THE PROBLEM: The material below includes pictures; leave them out and return only the lines between the line containing "Louisiana Mandates Ten" and the line containing "Serie A TIM: Napoli-Spezia 1-0", inclusive, word for word.

RECORD EXCERPTS:
:::::

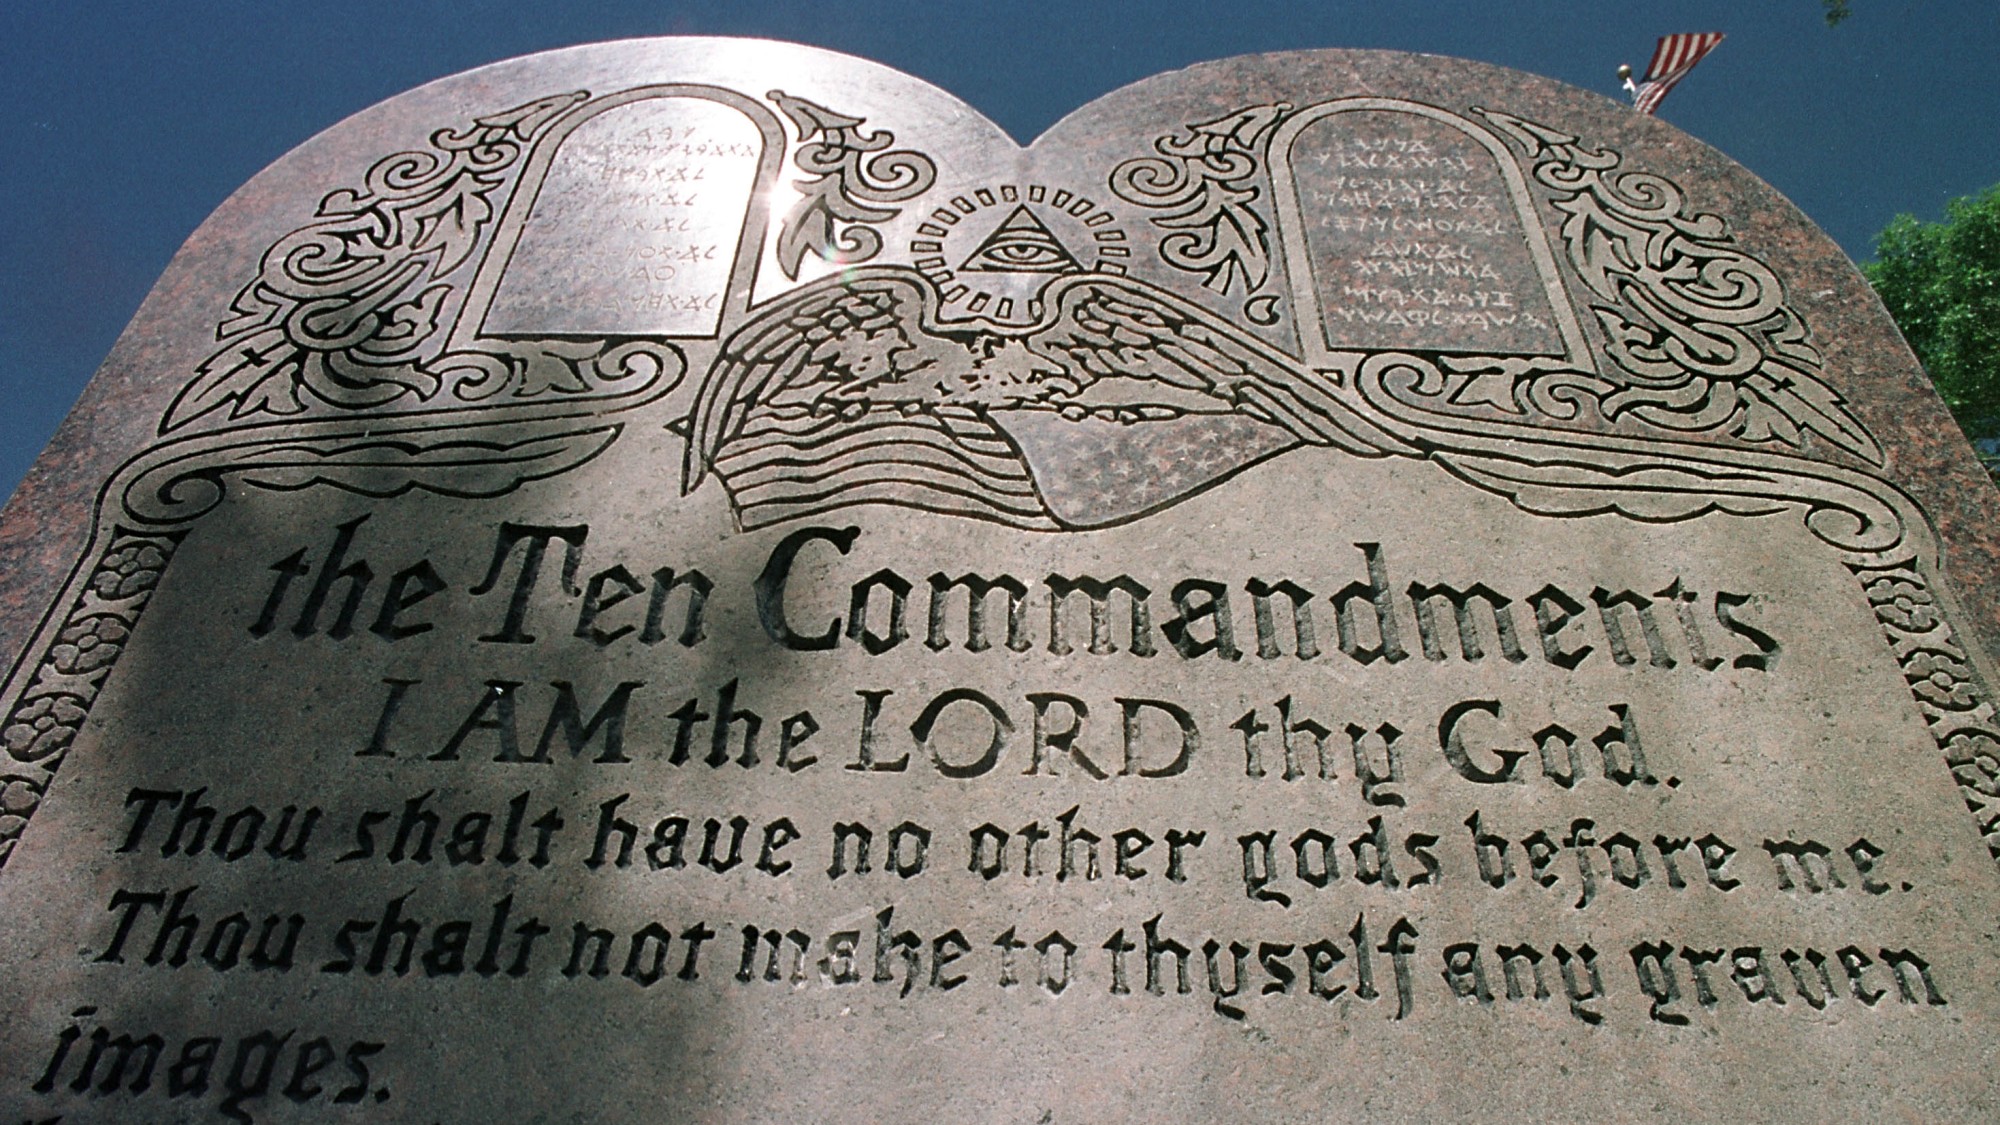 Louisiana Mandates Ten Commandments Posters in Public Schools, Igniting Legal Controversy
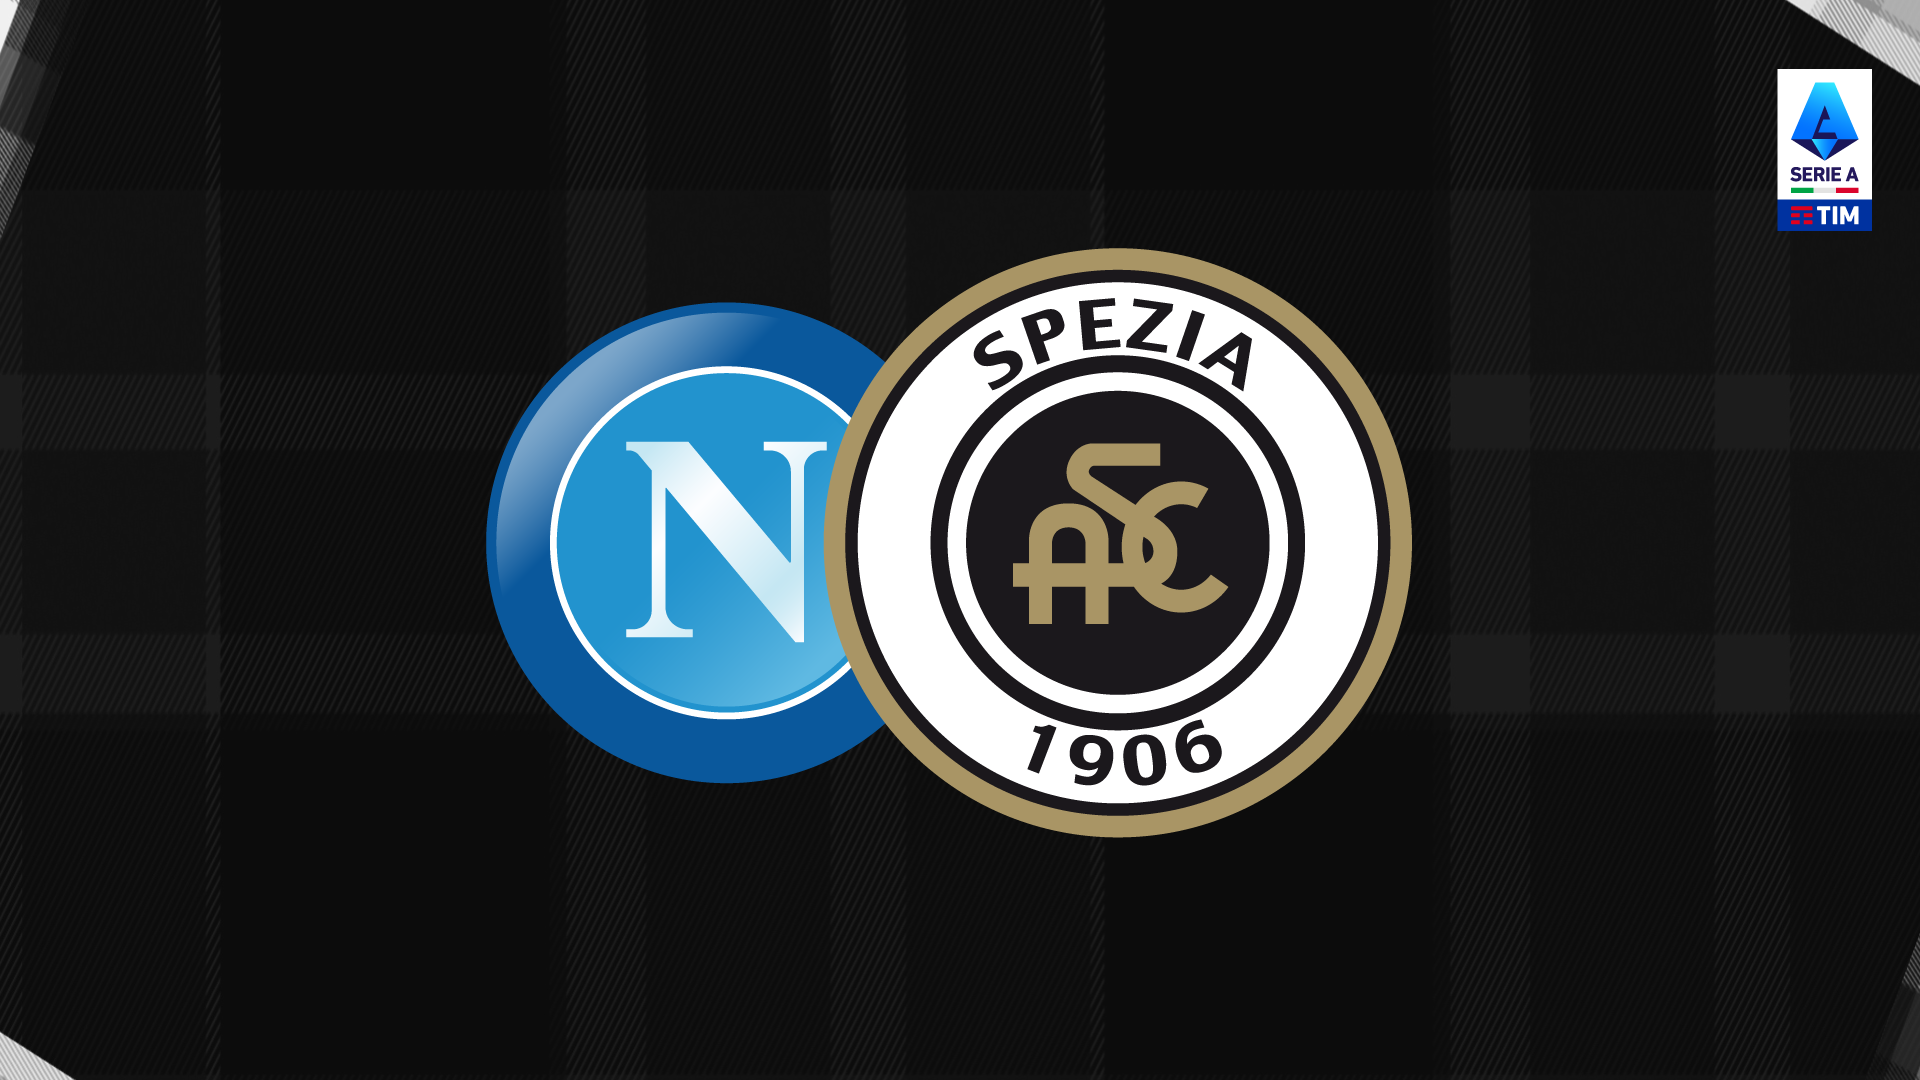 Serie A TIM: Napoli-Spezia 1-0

:::::

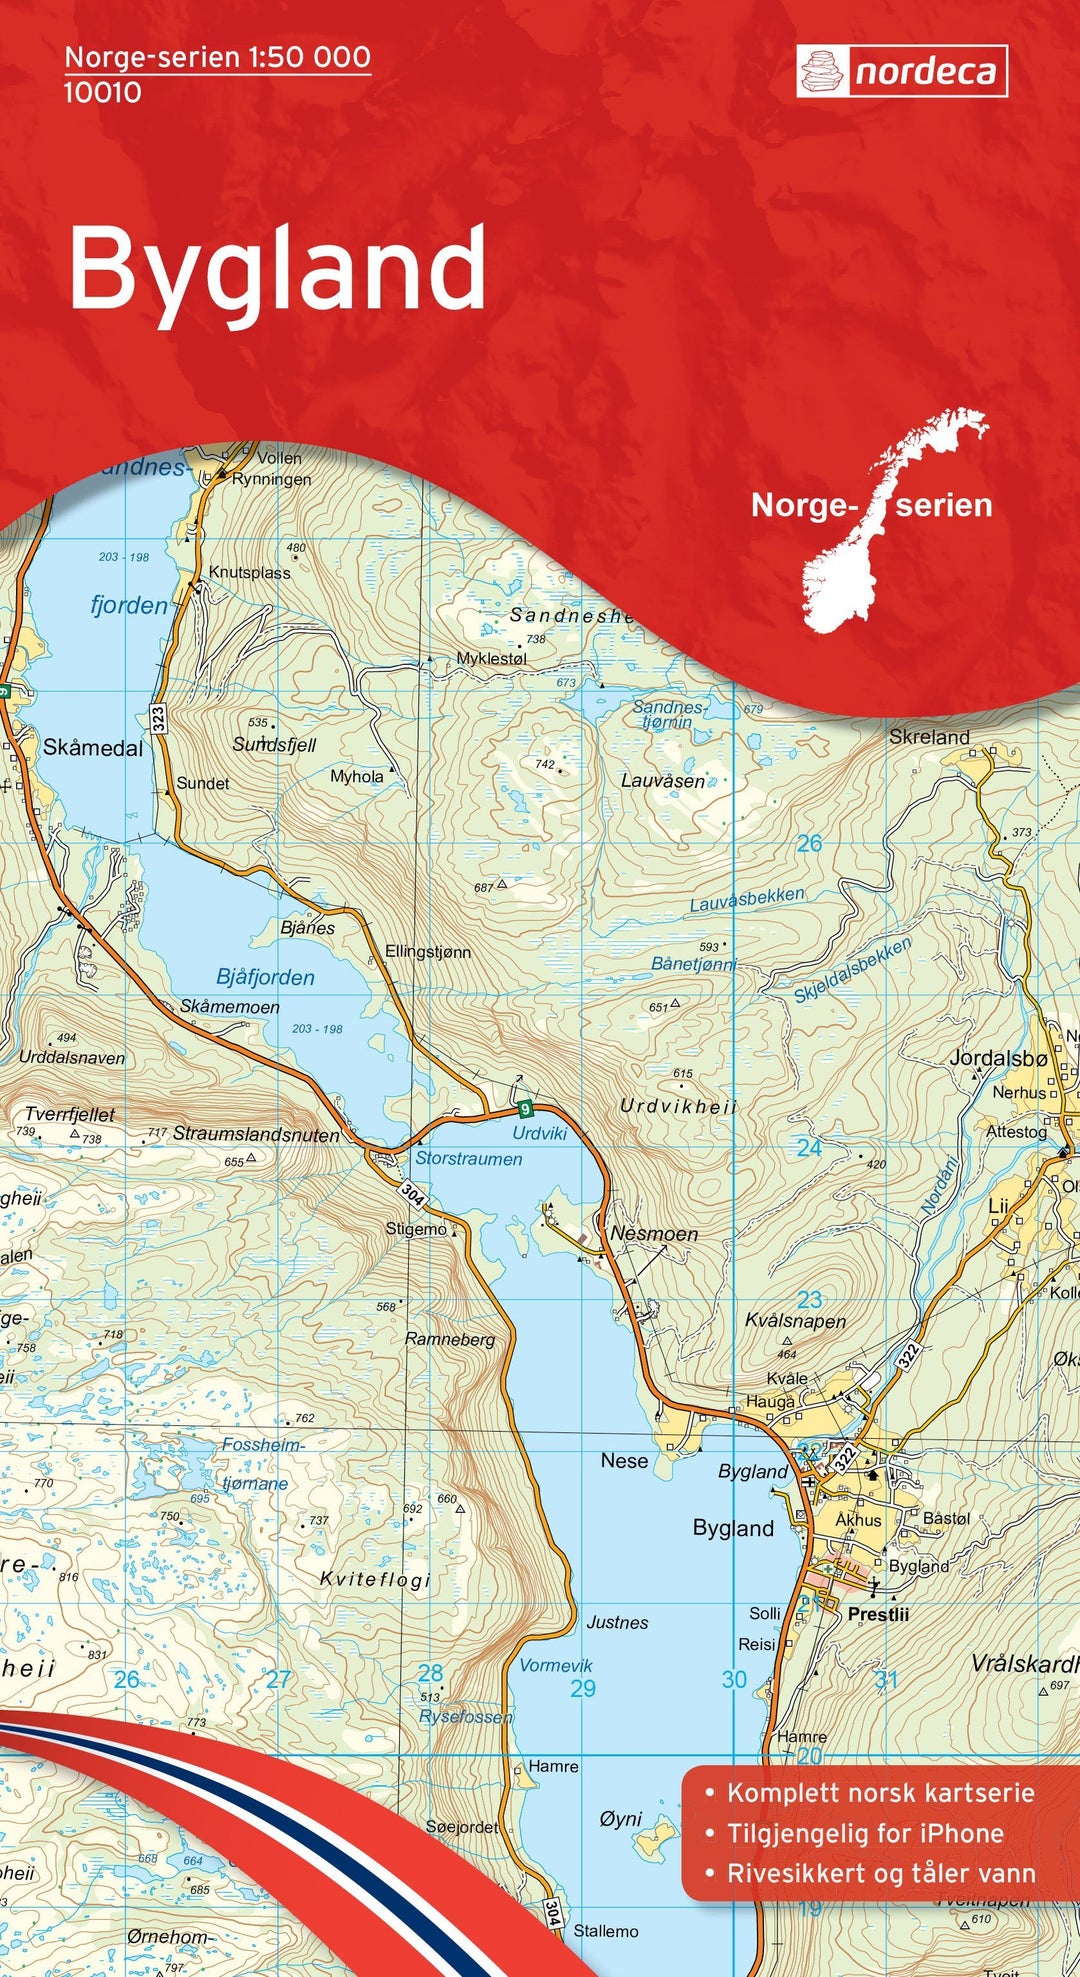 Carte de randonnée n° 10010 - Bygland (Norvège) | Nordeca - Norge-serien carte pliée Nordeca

:::::

RESULT FOR THIS EXERCISE:
 Louisiana Mandates Ten Commandments Posters in Public Schools, Igniting Legal Controversy
 Serie A TIM: Napoli-Spezia 1-0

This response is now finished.